◆ **EXERCISE OBJECTIVE**:
Make an exact copy of the data below, leaving out every picture.

◆ **DATA EXCERPT**:
BEGIN
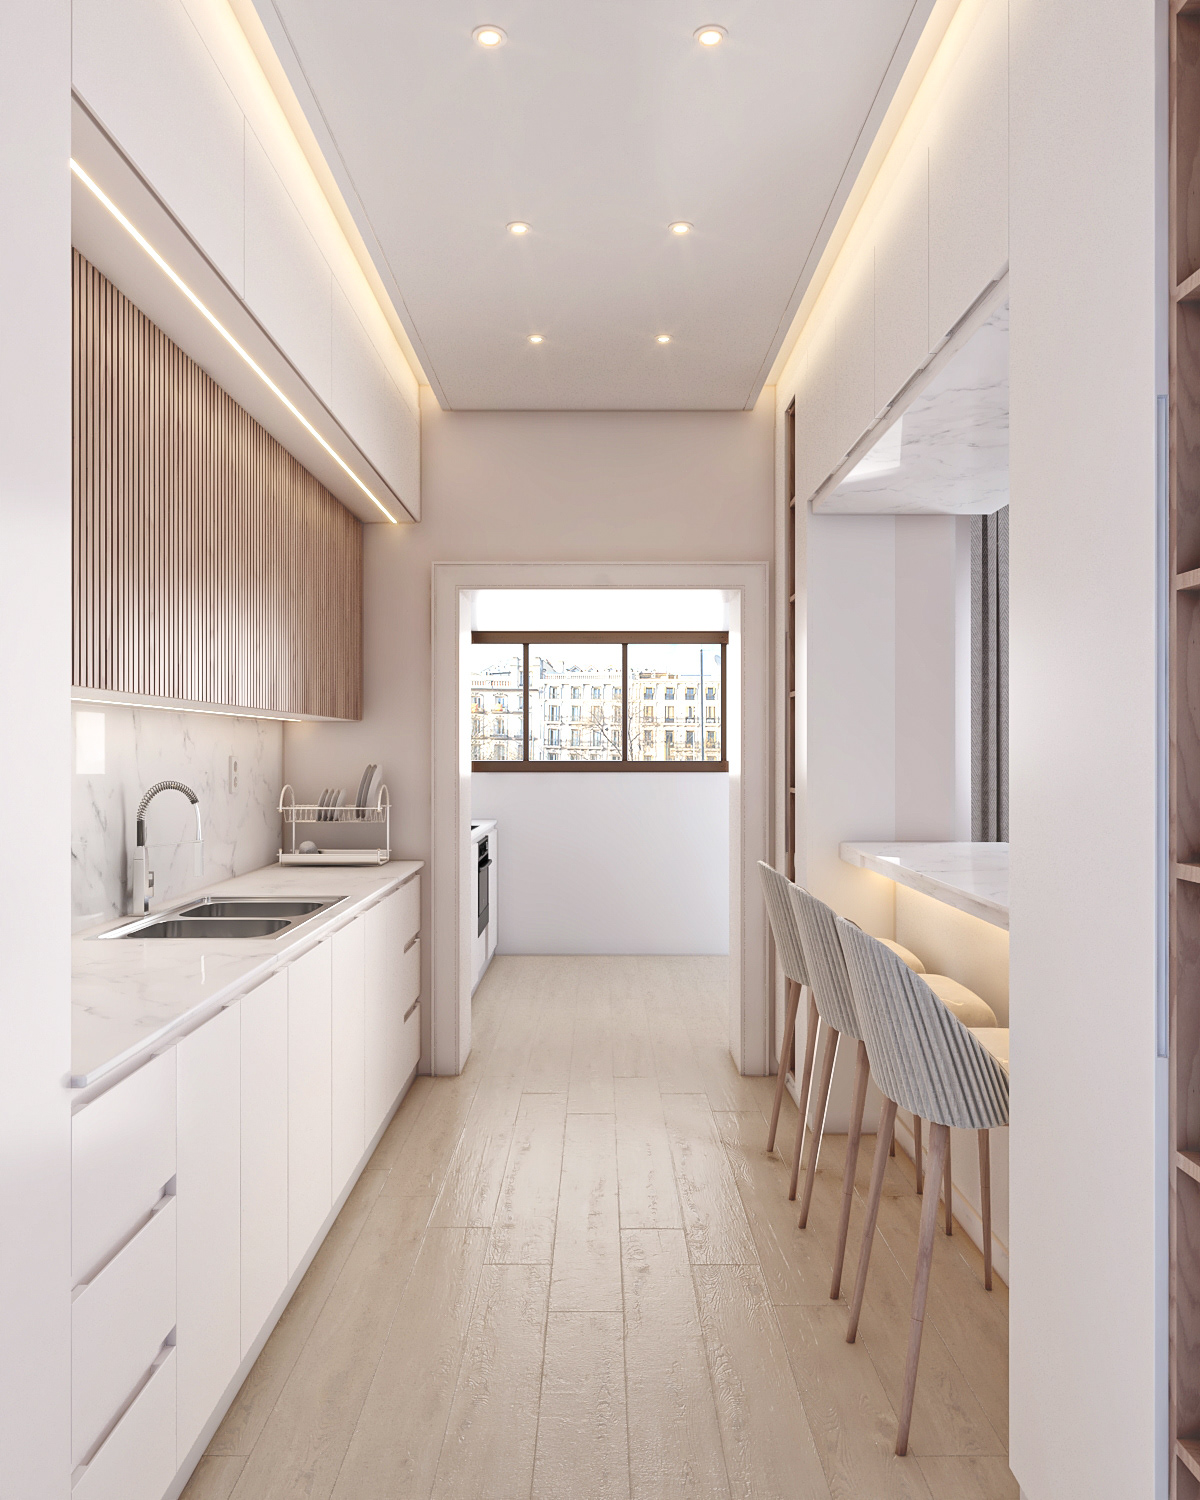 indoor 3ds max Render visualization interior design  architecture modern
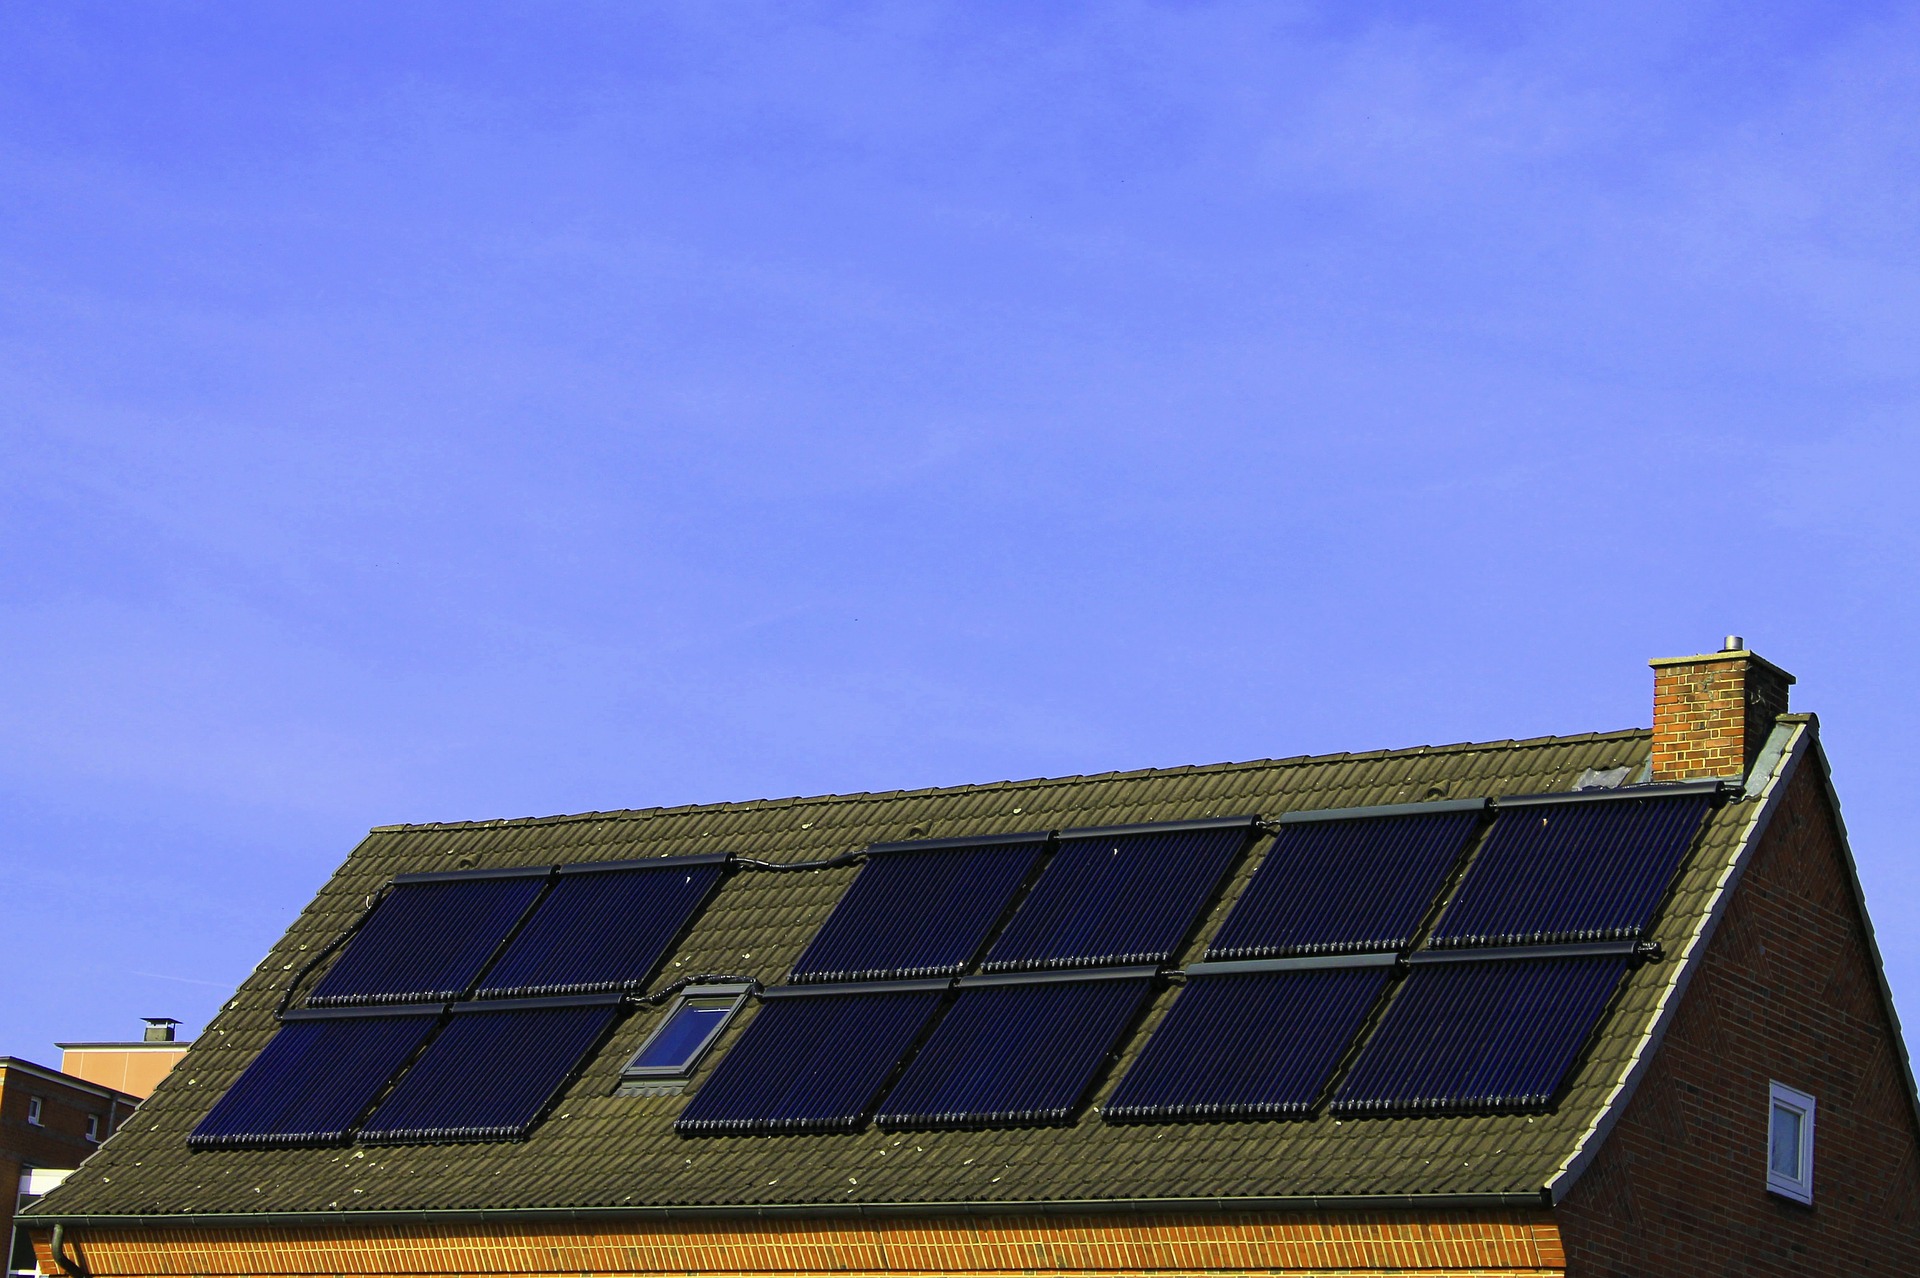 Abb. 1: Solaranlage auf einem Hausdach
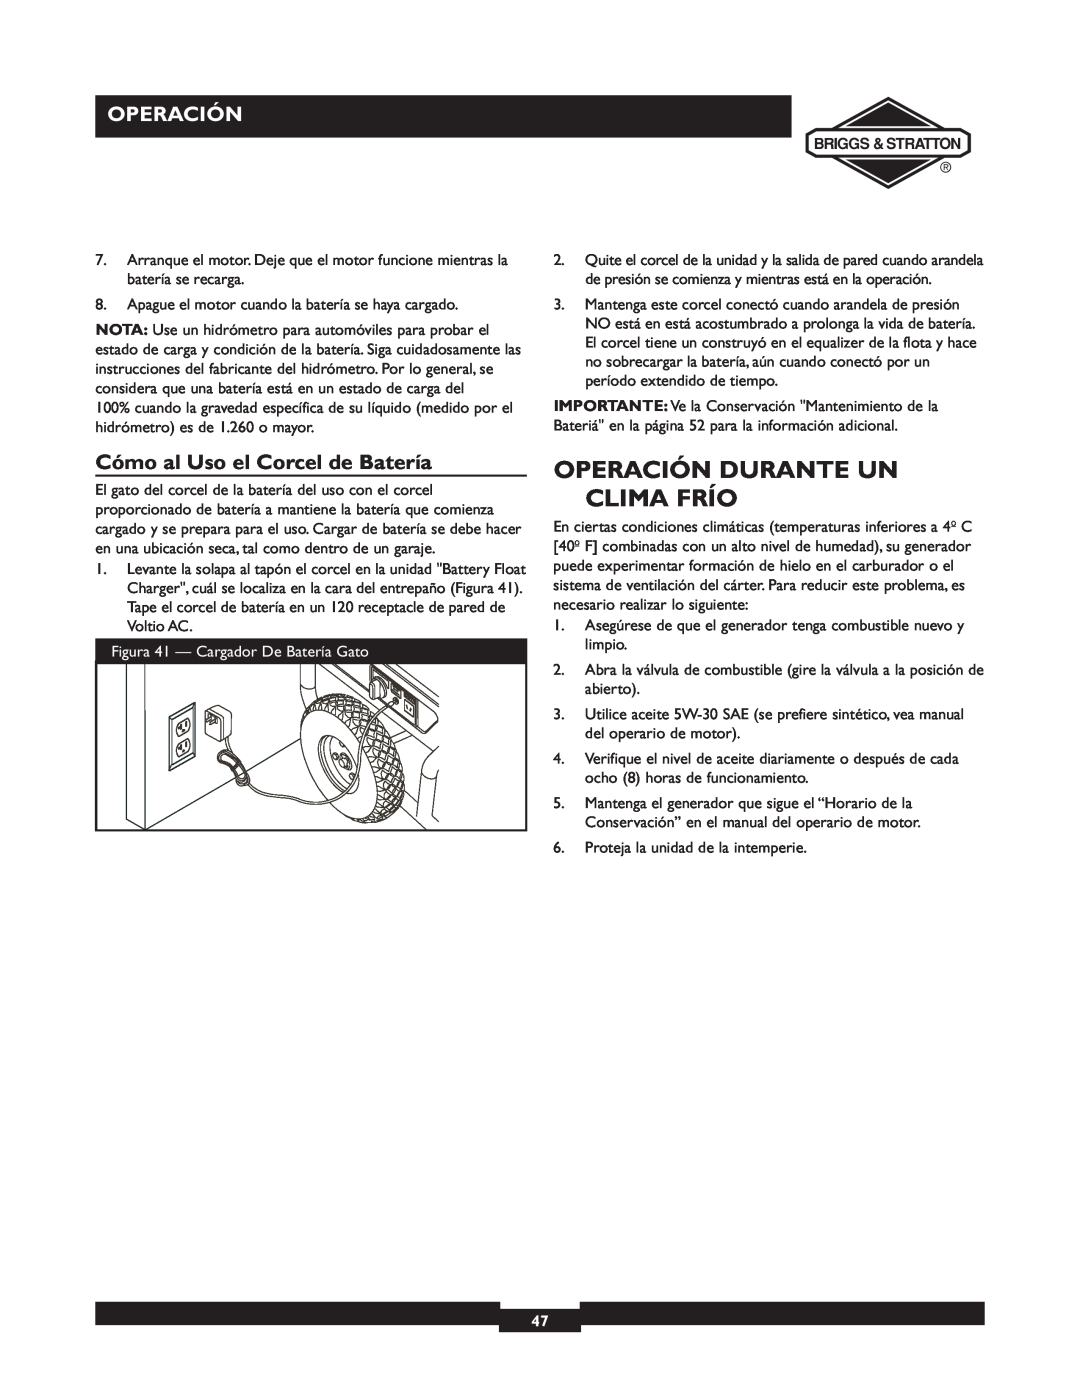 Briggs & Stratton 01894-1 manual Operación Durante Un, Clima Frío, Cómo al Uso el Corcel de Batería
END
◆ **TASK SOLUTION**:
 indoor 3ds max Render visualization interior design  architecture modern
 Abb. 1: Solaranlage auf einem Hausdach
 Briggs & Stratton 01894-1 manual Operación Durante Un, Clima Frío, Cómo al Uso el Corcel de Batería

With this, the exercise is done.